On March 11, 1951, Sidney Farber, MD, professor of pathology at Harvard Medical School at the Children’s Medical Center of Boston, and Scientific Director of the Children’s Cancer Research Foundation organized a conference on folic acid antagonists in the treatment of leukemia. Its proceedings were published in the medical journal Blood: The Journal of Hematology in January, 1952 (Proceedings of the Second Conference on Folic Acid Antagonists in the Treatment of Leukemia). Today, oncologists call this type of chemotherapy an antimetabolite. Antimetabolites can be thought of as wolves in sheep’s clothing. They are man-made molecules that are designed to resemble a substance that our cells need such as a vitamin or an amino acid. Once the antimetabolite enters the cell it creates damage because the cell cannot function with the counterfeit substance. The cell dies. This chemotherapy, like all traditional chemotherapy, is indiscriminate. It kills healthy cells along with cancer cells. Examples of antimetabolites currently in use include: methotrexate, fluorouracil or 5-FU, cytarabine, mercaptopurine or 6-MP, and thioguanine or 6-TG.

Farber’s antimetabolites were “folic acid antagonists” which meant that it was something that looked like folic acid to a cell. Folic acid is also known as vitamin B-9. Today, folic acid is suggested to be a key player in the prevention of cancer. Farber tested the antimetabolites in 238 children with various types of leukemia. The results? According to Farber, “the total improvement rate in this group was 54.6%.” He called this an “important improvement in unselected, consecutive children with acute leukemia.” He defined “improvement” as including complete remission, partial remission, simple clinical improvement and “so on.” The tables he published and the comments of his colleagues, however, are quite enlightening.

Table 5.

54.6% Improvement but Only 19% Living

This table (Table 5) comes from page 110 of the Proceedings. Please note that his 54.6% improvement rate is generated from combining 98 dead patients and only 32 living patients. (See the row titled “Total Improvement.”) Also, note that out of 238 patients, a total of 200 have passed away and only 38 are alive. But an improvement rate of 54.6% sounds significantly better than a survival rate of 19%. The next table is even more revealing.

Table 8.

In this table from page 111, (Table 8), Farber reports that he has 100% improvement with the drug Ninopterin. The only problem is that all those children are in the “dead” column. With the drug Dichloro-aminopterin, Farber depicts a 75% improvement but none of these children are living either. With Denopterin the improvement rate is 50% but all of these children are also dead. Apparently, “improvement” can have little to do with survival.

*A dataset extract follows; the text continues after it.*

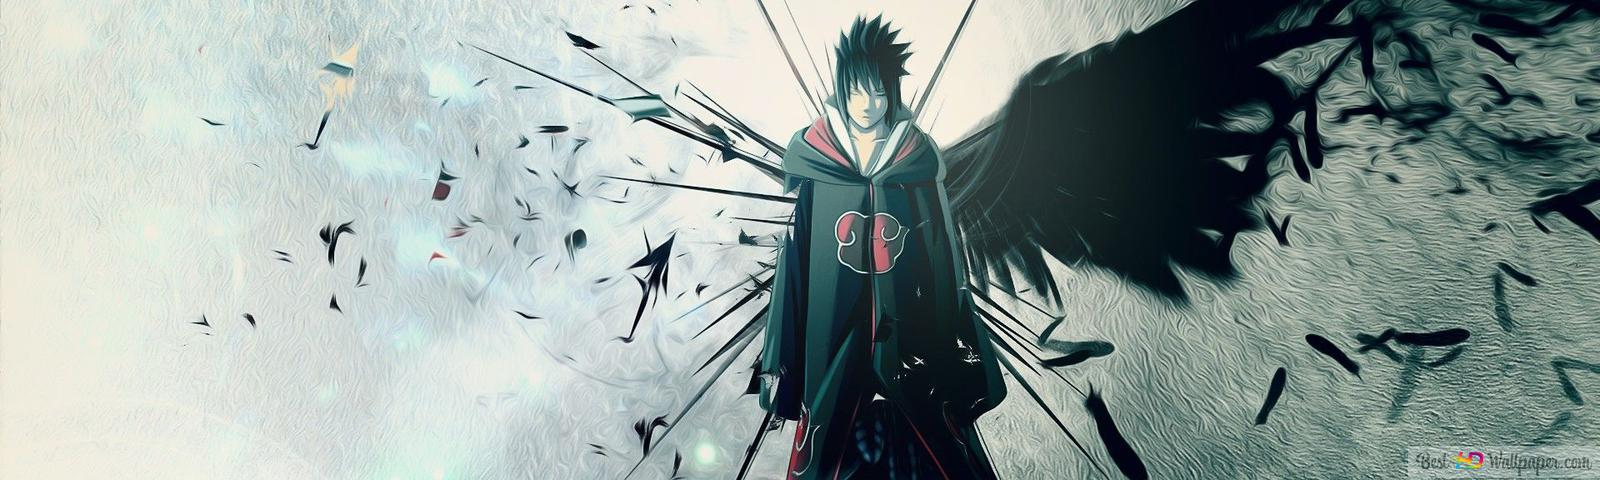 naruto shippuden sasuke uchiha akatsuki wallpaper 1600x480 8010 68
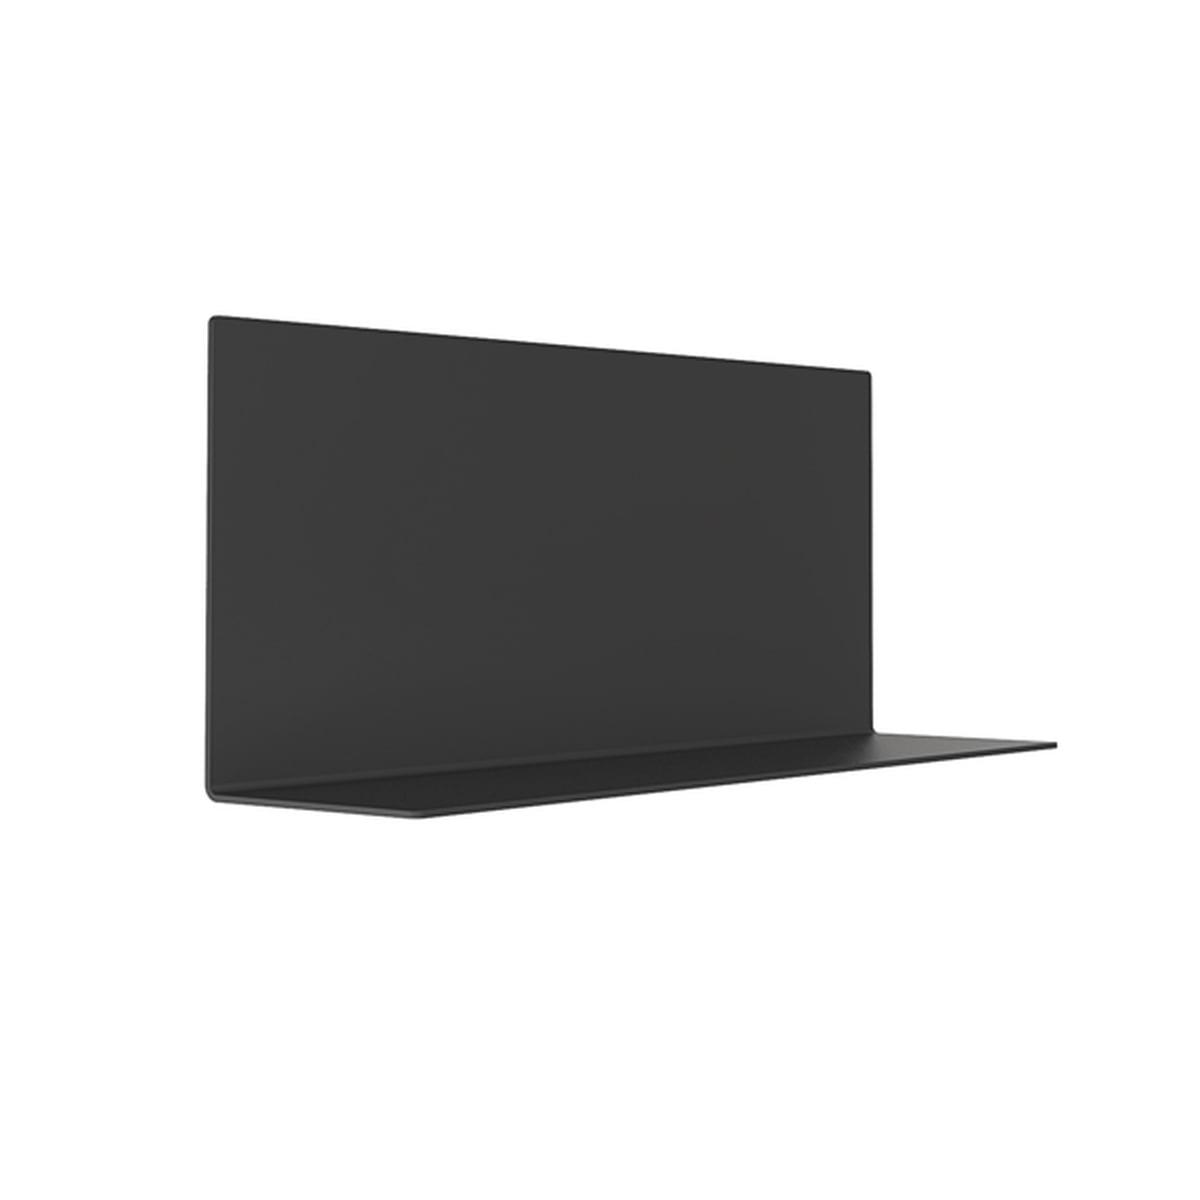 FROST - Unu Regalsystem, 250 x 600 x 150, schwarz | Wohnzimmer > Regale > Regalsysteme | Frost

The thought process of Farber and his colleagues are suggested in some of the comments recorded in the Proceedings. For example, Farber is quoted as saying, “One of the first important questions we would like to ask and have answered today, if possible, is this: Why are these patients, as many as 45% or 50%, who do not respond to treatment with folic acid antagonists?” This is quite revealing in that Farber wonders out loud why half the patients don’t respond as opposed to perhaps a more defining question - what is the relationship between responses and improvement and survival and why have the overwhelming majority of children who responded have subsequently died?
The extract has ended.